-- Recorded data --
»»
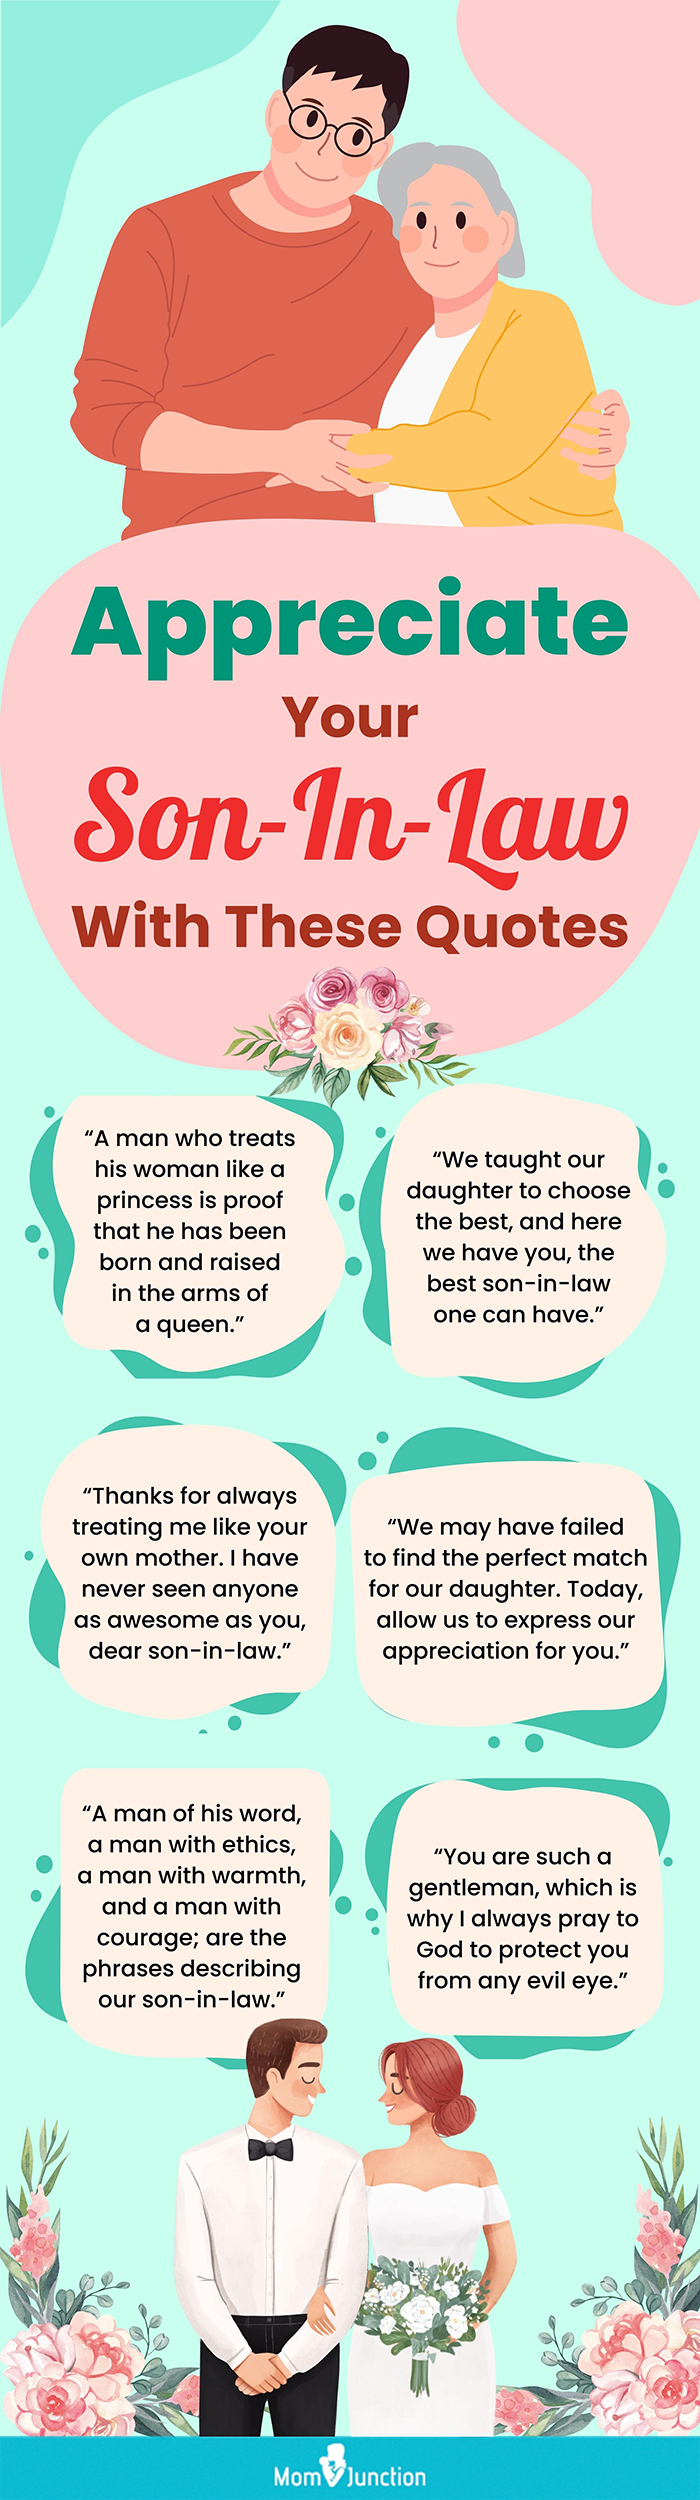 100+ Loving And Respectful Son-In-Law Quotes
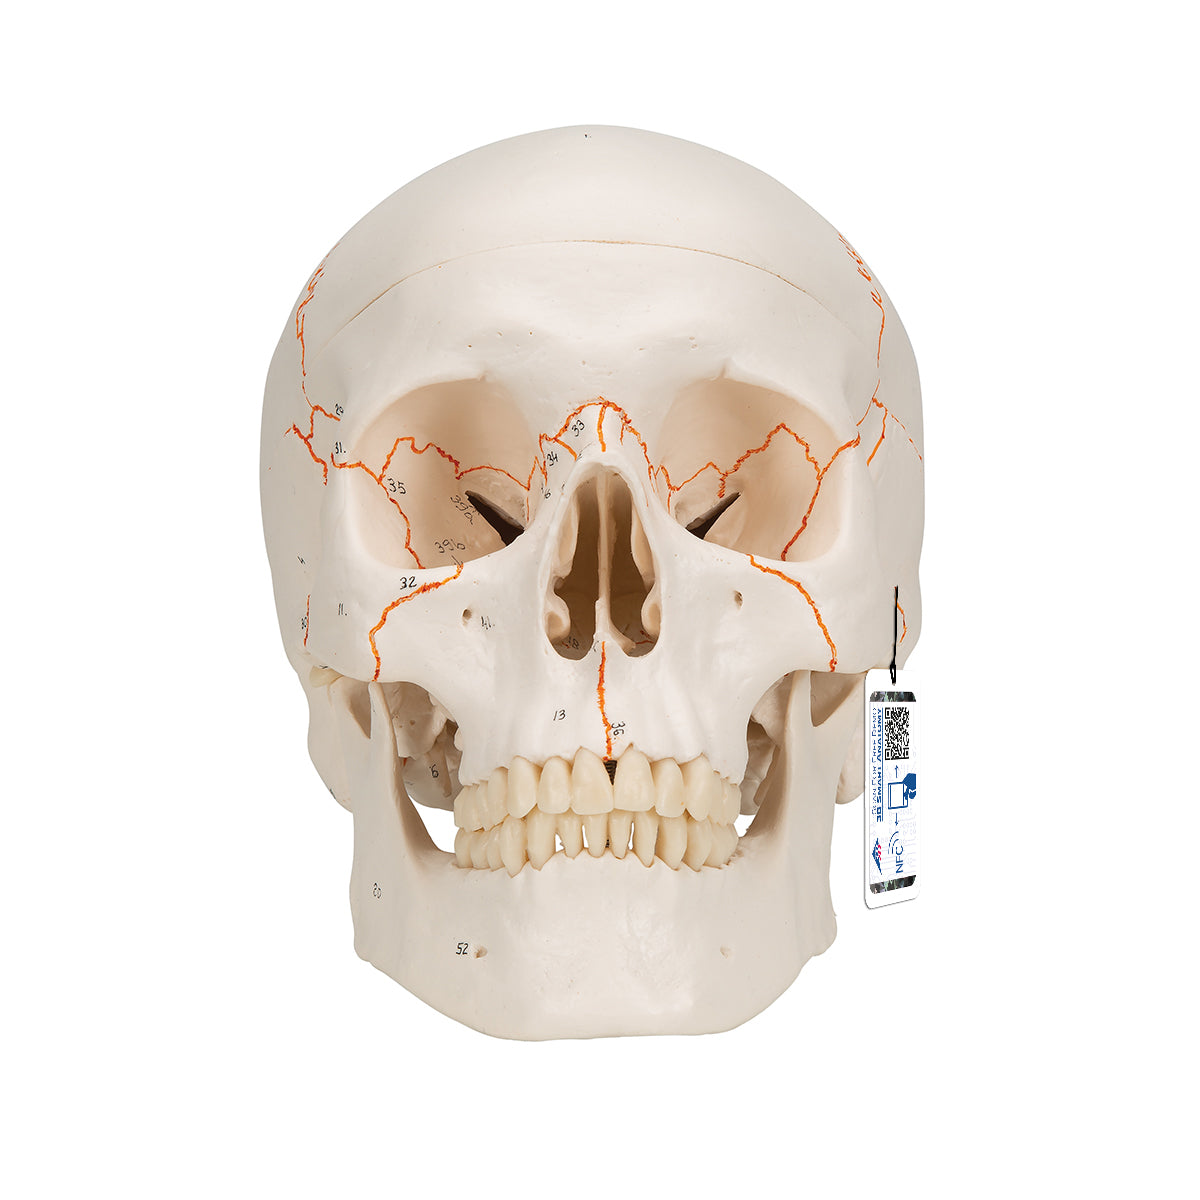 Numbered Human Classic Skull Model, 3 part
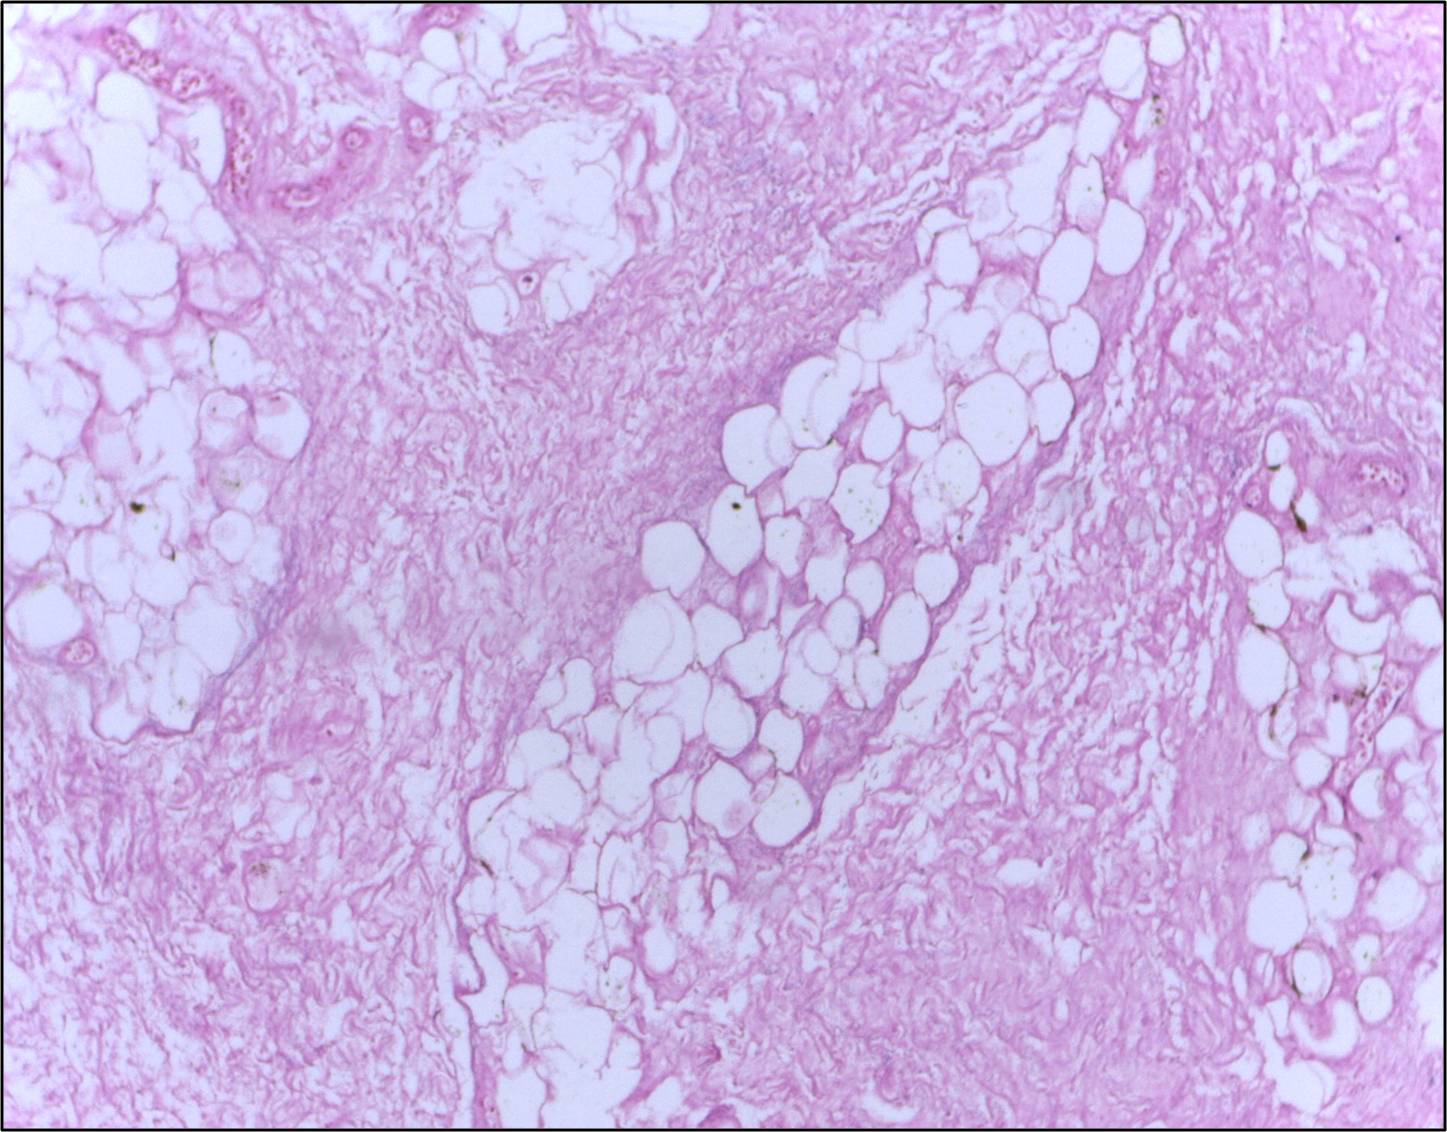 Fat Necrosis of Breast Tissue SimpleMed
««
-- Your assignment --
From the first line to the last, set down the data exactly, without the pictures.

-- Result of this task --
 100+ Loving And Respectful Son-In-Law Quotes
 Numbered Human Classic Skull Model, 3 part
 Fat Necrosis of Breast Tissue SimpleMed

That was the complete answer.